By 1247 Laugharne was granted to the de Brian family. In 1257 Guy De Brian was captured at Laugharne Castle by Llywelyn ap Gruffudd and the castle destroyed.
It was in Laugharne in 1403 that Glyndwr's rebellion stalled. Perhaps lulled into complacency, he was tricked by an ambush and lost 700 men. When a local soothsayer then warned him to leave the area or be captured, he retreated. After this the rebellion petered out under the weight of greater English numbers, and by 1415, Owain Glyndwr had disappeared, fading into myth.
During the Civil War, Laugharne was captured by Royalists in 1644, the Parliamentary forces of Major-General Rowland Laugharne attacked the castle in 1644. After a weeklong siege in which much of the castle was damaged by cannon fire, the Royalist garrison finally surrendered. The castle was slighted to prevent any further use. It was left as a romantic ruin during the 18th century, and around the start of the 19th century the outer ward was laid with formal gardens.
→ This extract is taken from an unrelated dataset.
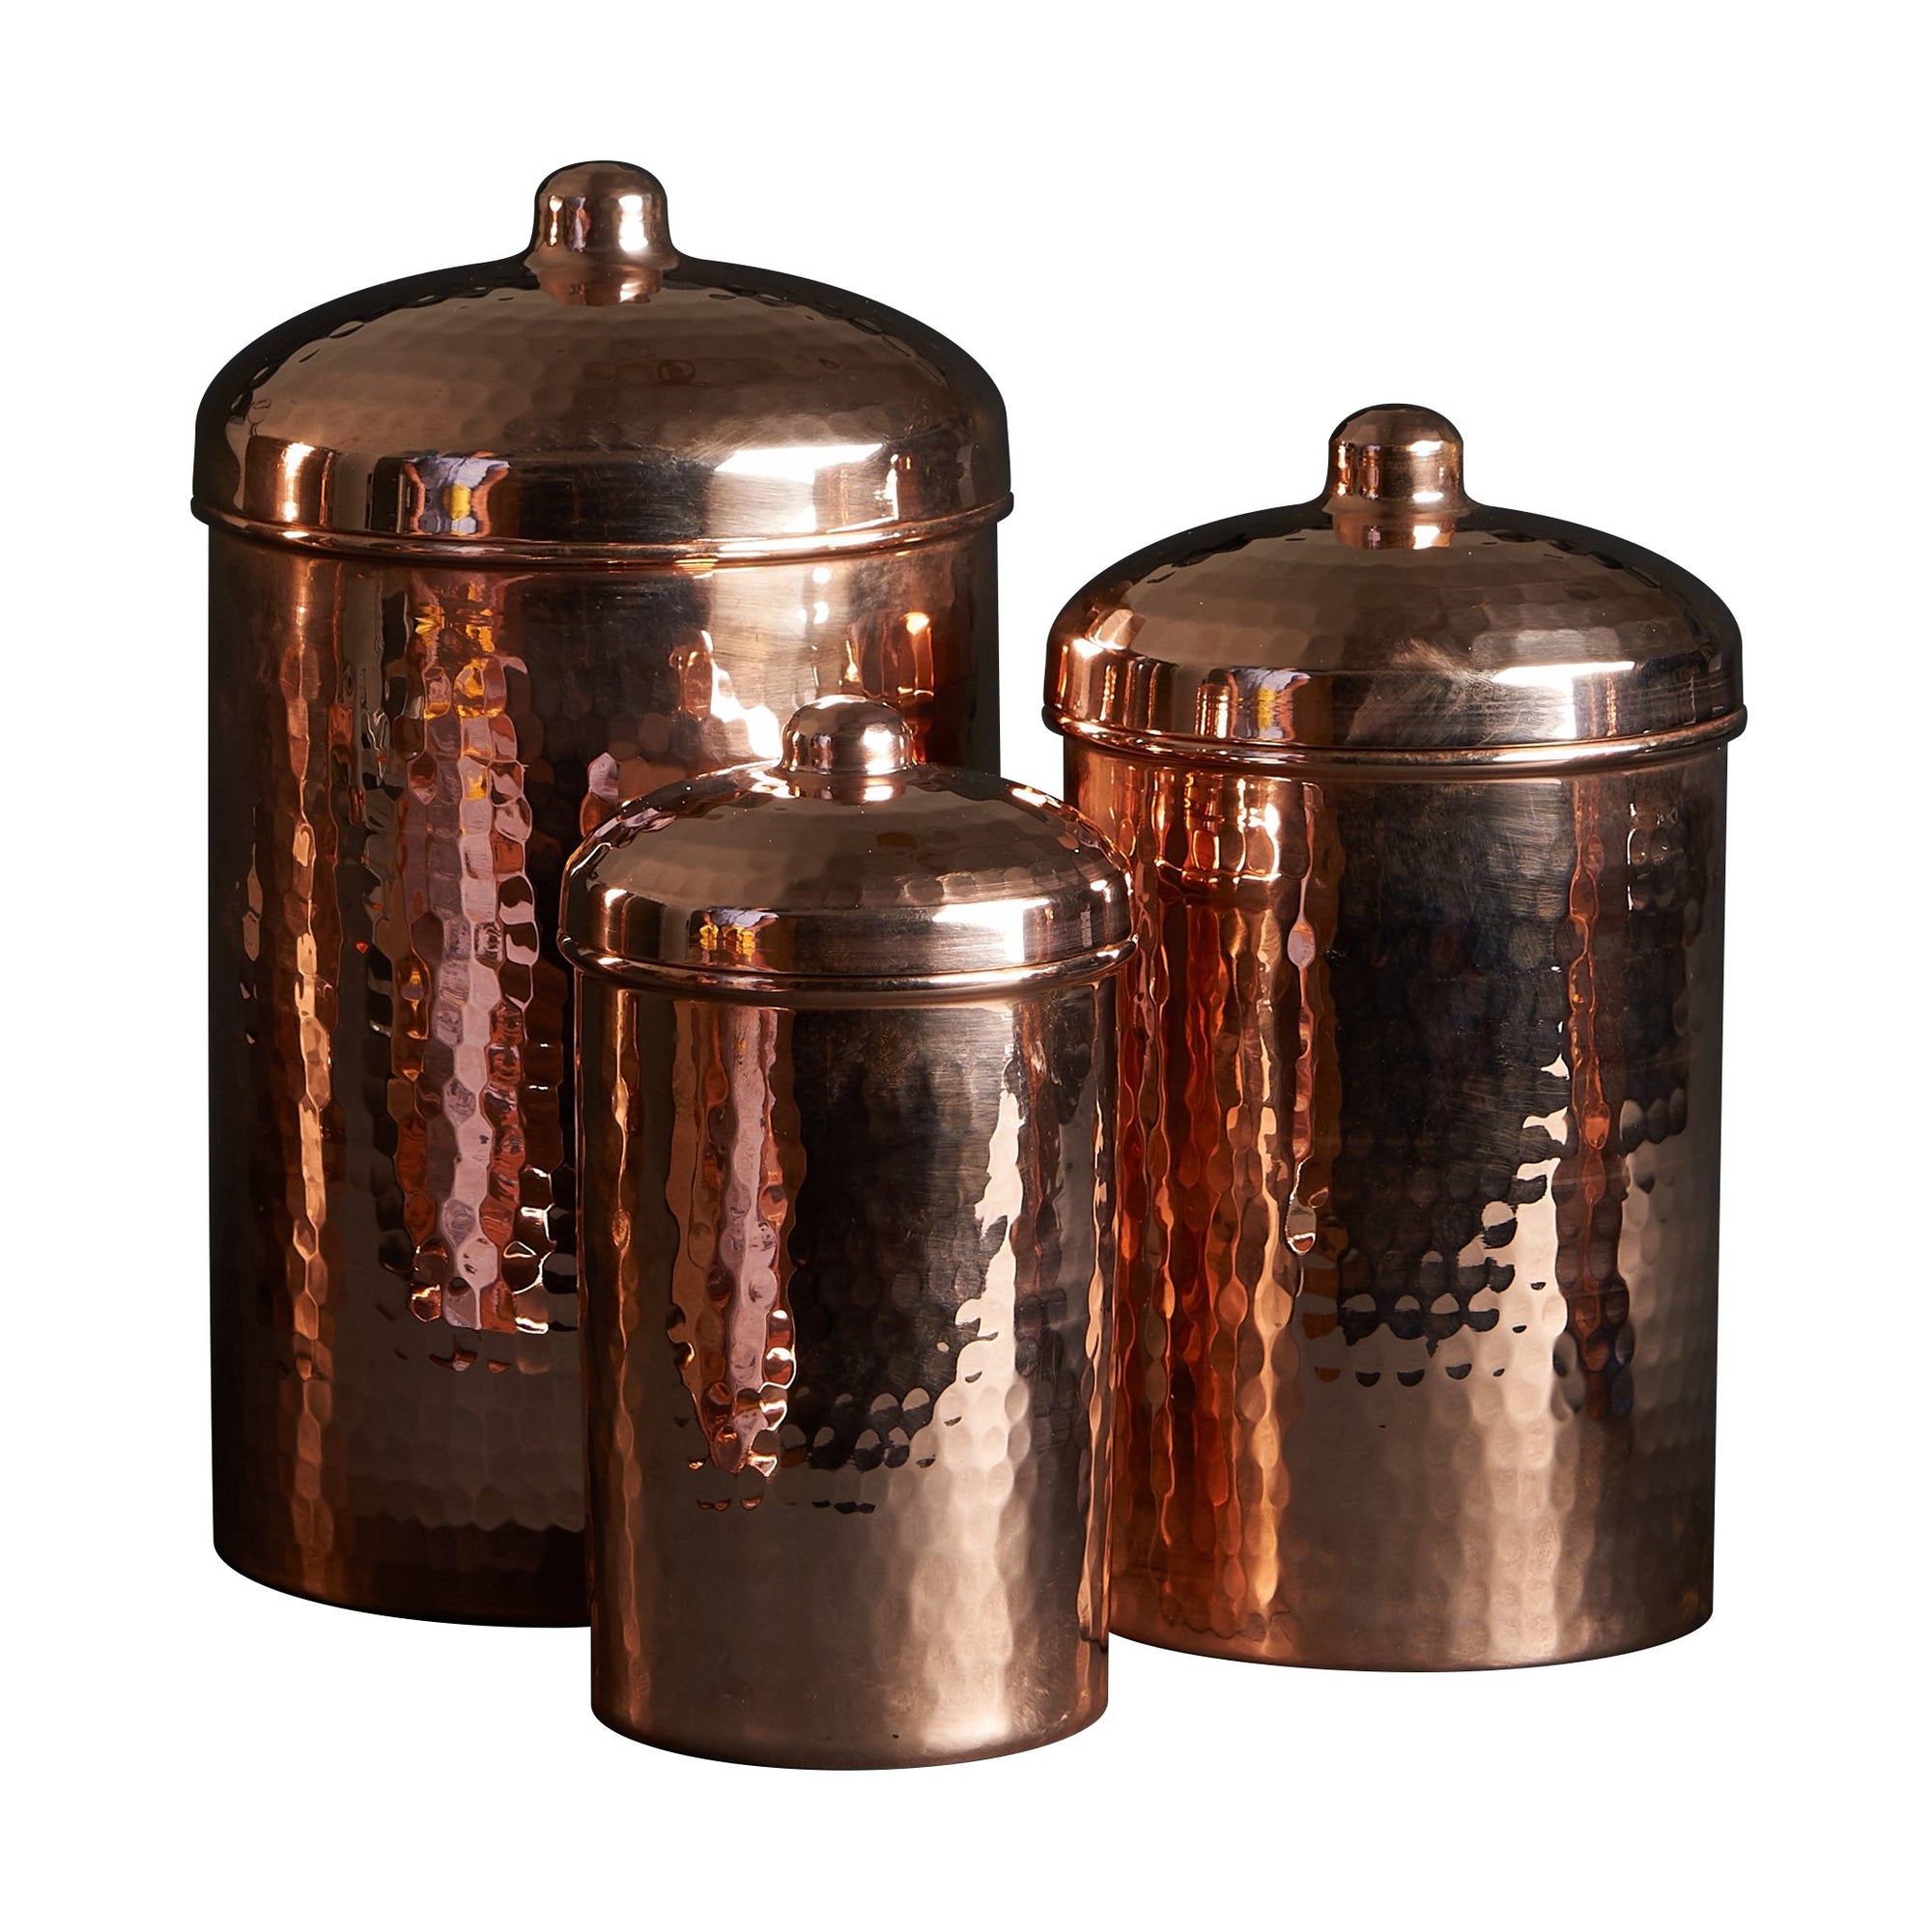 Copper Kitchen Canisters - Small Set, 3 Pieces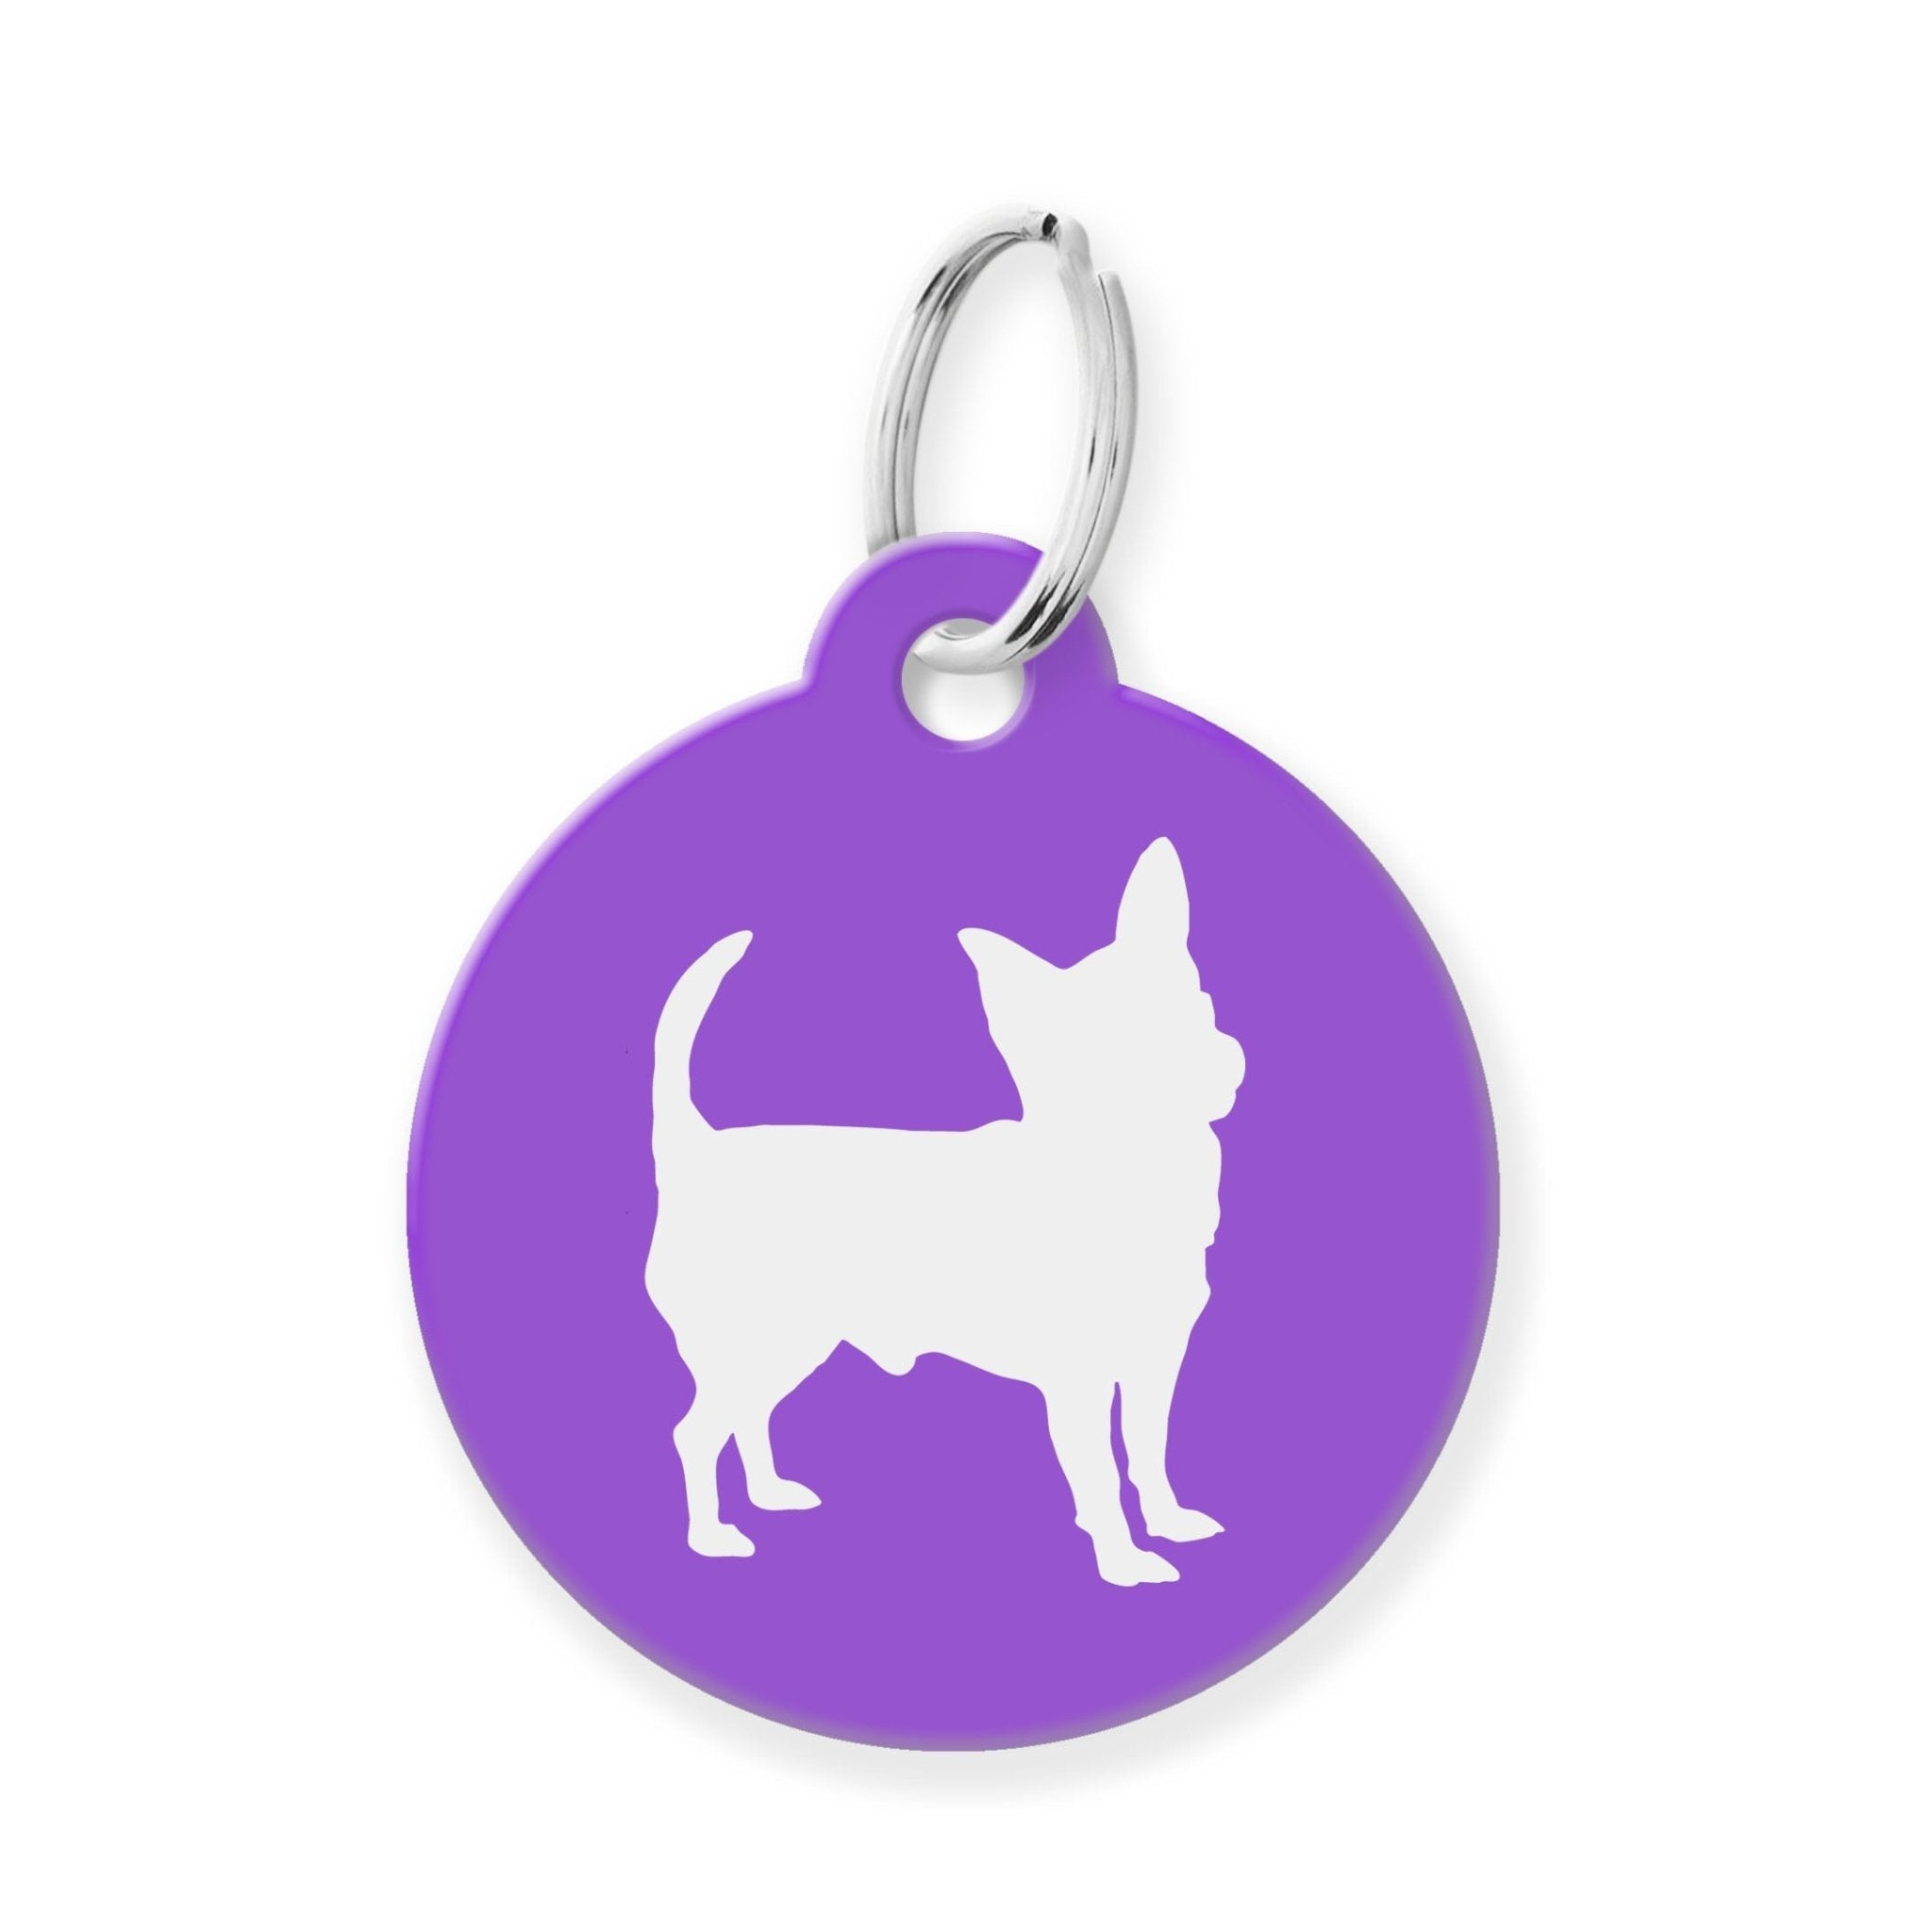 Chihuahua Silhouette Pet Tag - The Barking Mutt

The gazebo overlooking the estuary was used in the 1930s and 40s by the author Richard Hughes, who leased Castle House during this period. Laugharne has also inspired two great modern writers, who worked in the garden gazebo overlooking the river. Richard Hughes wrote his novel In Hazard here, and Dylan Thomas, Laugharne's most famous resident, worked in the castle on its Portrait of the Artist as a Young Dog.